The two kernels model the underlying function of the cluster, and the deviations of each gene from that underlying function. If we believe that the only corruption of the data from the cluster mean is i.i.d. noise, we can specify a GPy.kern.White covariance. In practise, it's helpful to allow correlated noise. The model of any cluster of genes then has a hierarchical structure, with the unknown cluster-specific mean drawn from a GP, and then each gene in that cluster being drawn from a GP with said unknown mean function.

To optimize the model with the default optimization settings, we call m.optimize(). To invoke the recommended merge-split procedure, call m.systematic_splits(). Note that during the splitting procedure, many calls are made to the optimize function.


In [12]:
k_underlying = GPy.kern.RBF(input_dim=1, variance=0.1, lengthscale=0.1)
k_corruption = GPy.kern.RBF(input_dim=1, variance=0.01, lengthscale=0.1) + GPy.kern.White(1, variance=0.001)

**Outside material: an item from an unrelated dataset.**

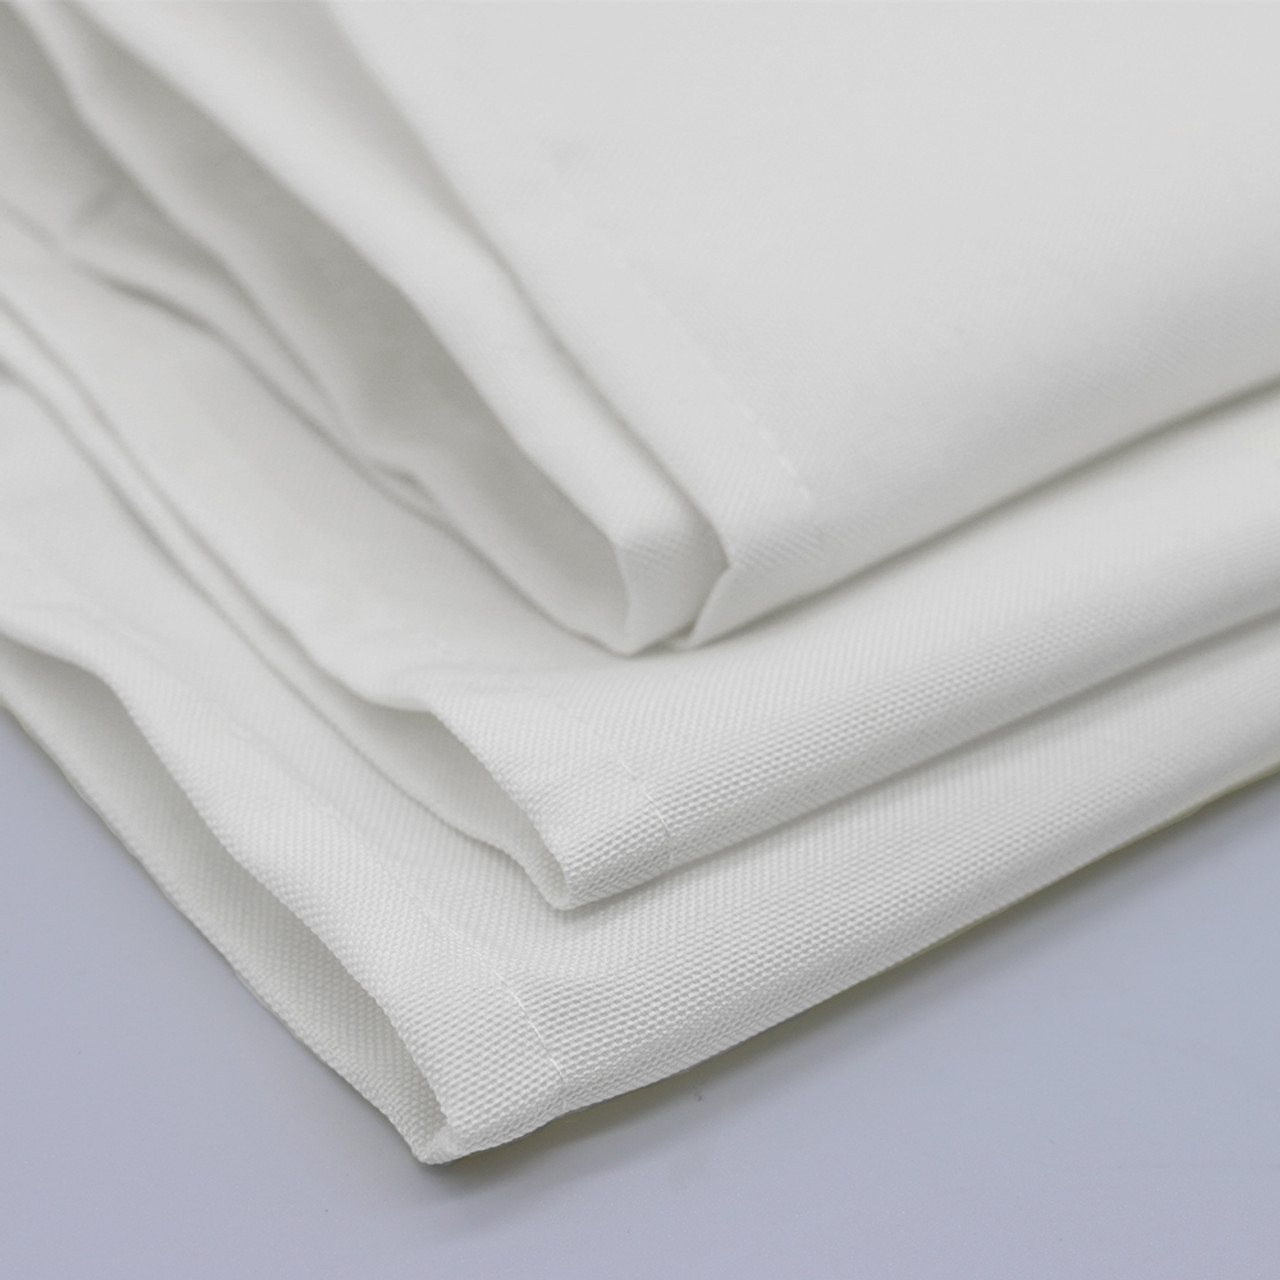 Choice 20 x 20 White 100% Spun Polyester Hemmed Cloth Napkins - 300/Case
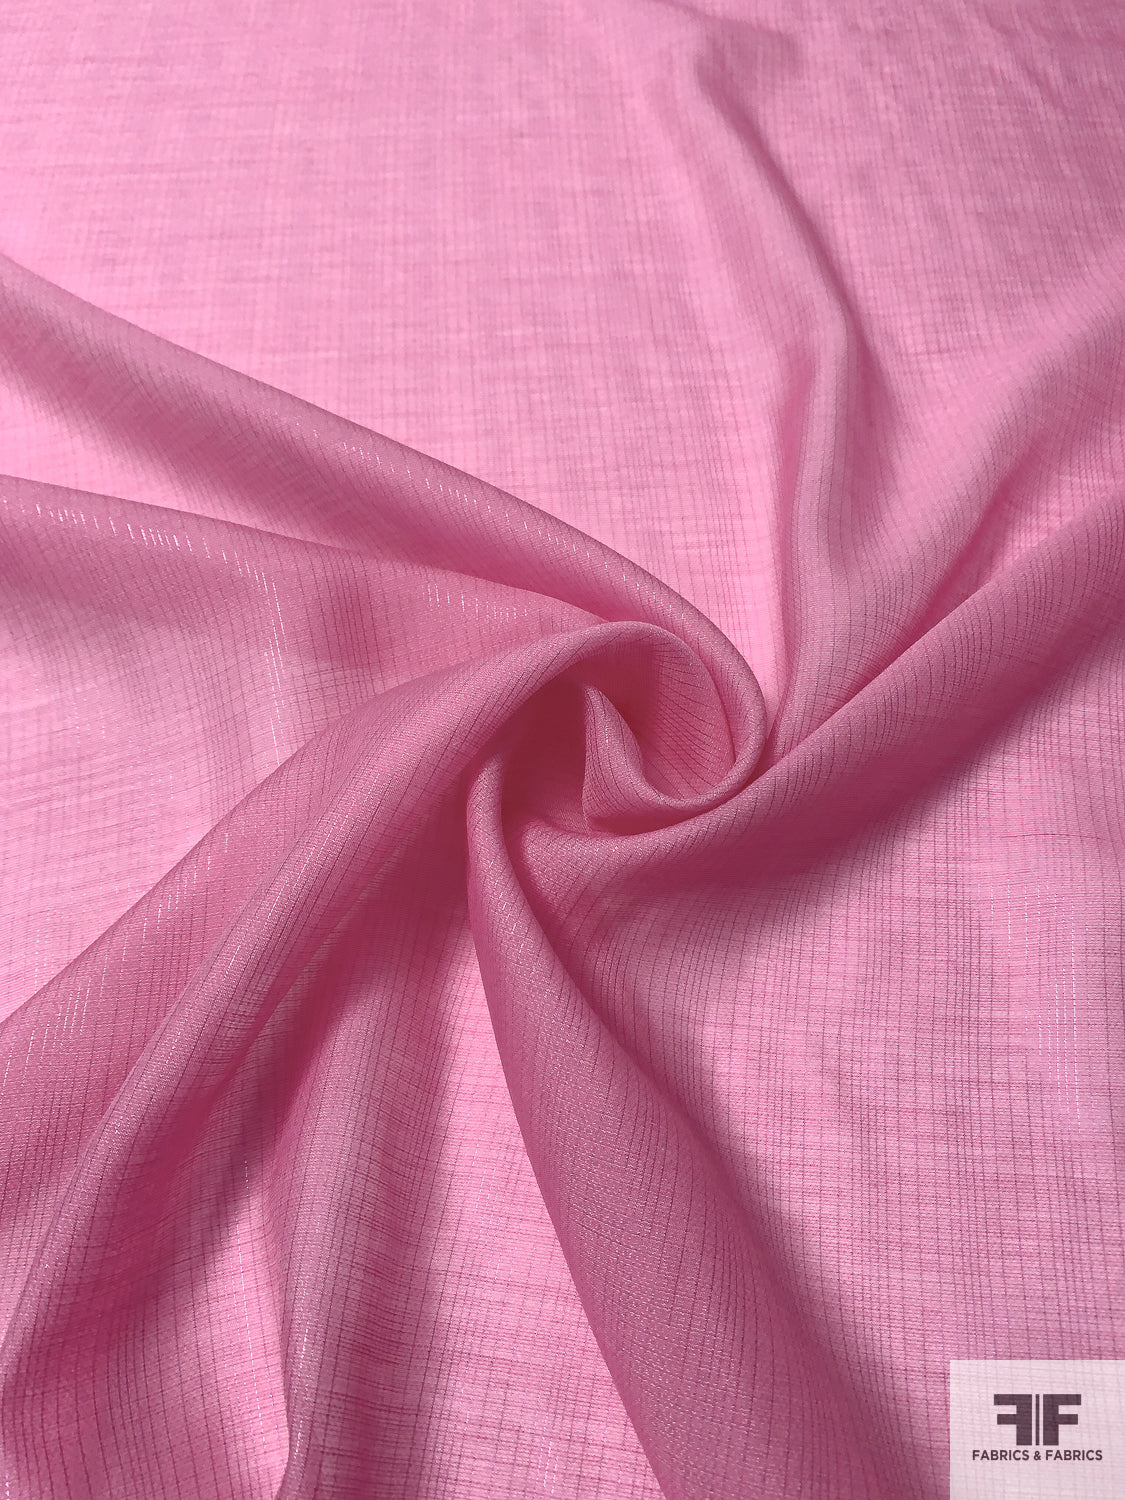 Sheer Fabrics from Rose Brand

m = GPclust.MOHGP(X, k_underlying, k_corruption, Y, K=10, prior_Z='DP', alpha=1.0)
m.optimize()
m.systematic_splits(verbose=False)


iteration 12 bound=75.926774702 grad=5.05137047842e-07, beta=0.18167151314 vb converged (ftol)
vb converged (gtol)

Plotting and examining the posterior

The model has quite extensive plotting built in, with various options for colour, display of the data as points or connected lines, etc. Here we find that the model manages to separate all but two of the true clusters. The number of 'genes' found in each cluster is labeled in the corner of each plot.


In [13]:
plt.figure(figsize=(14,9))
m.plot(on_subplots=True, colour=True, newfig=False)


Structure is important

Why do we have to specify two kernels in GPclust? The first kernel describes the properties of the functions which underly each cluster. The second describes the properties of the functions which describe how each time-course (gene) deviates from the cluster.

This structure is important: if we model the deviation of each time-course from the cluster as simply noise, it's more difficult to infer the correct clusters. Such a model can be constructed in GPclust by using a white (noise) kernel for the structure, as follows.


In [10]:
#exactly as above, but with a white-noise kernel for the structure.
k_underlying = GPy.kern.RBF(input_dim=1, variance=0.1, lengthscale=0.1)
k_corruption = GPy.kern.White(1, variance=0.1)

m = GPclust.MOHGP(X, k_underlying, k_corruption, Y, K=10, prior_Z='DP', alpha=1.0)
m.optimize()
m.systematic_splits(verbose=False)


iteration 23 bound=-748.166941963 grad=6.96257878533e-07, beta=0.0793985614504 vb converged (ftol)
vb converged (gtol)

In [11]:
plt.figure(figsize=(14,9))
m.plot(on_subplots=True, colour=True, newfig=False)


Here we can see that the procedure finds too many clusters (we know that the ground truth is that there are 10). This is because without the ability to model the deviation from the cluster mean in a structured fashion, that structure appears as additional clusters.

This point is exaggerated a little by the toy data that we have generated, but the same issue exists in real data. For more details and consideration of the cluster structure, see the subsequent notebook on clustering Drosophila development.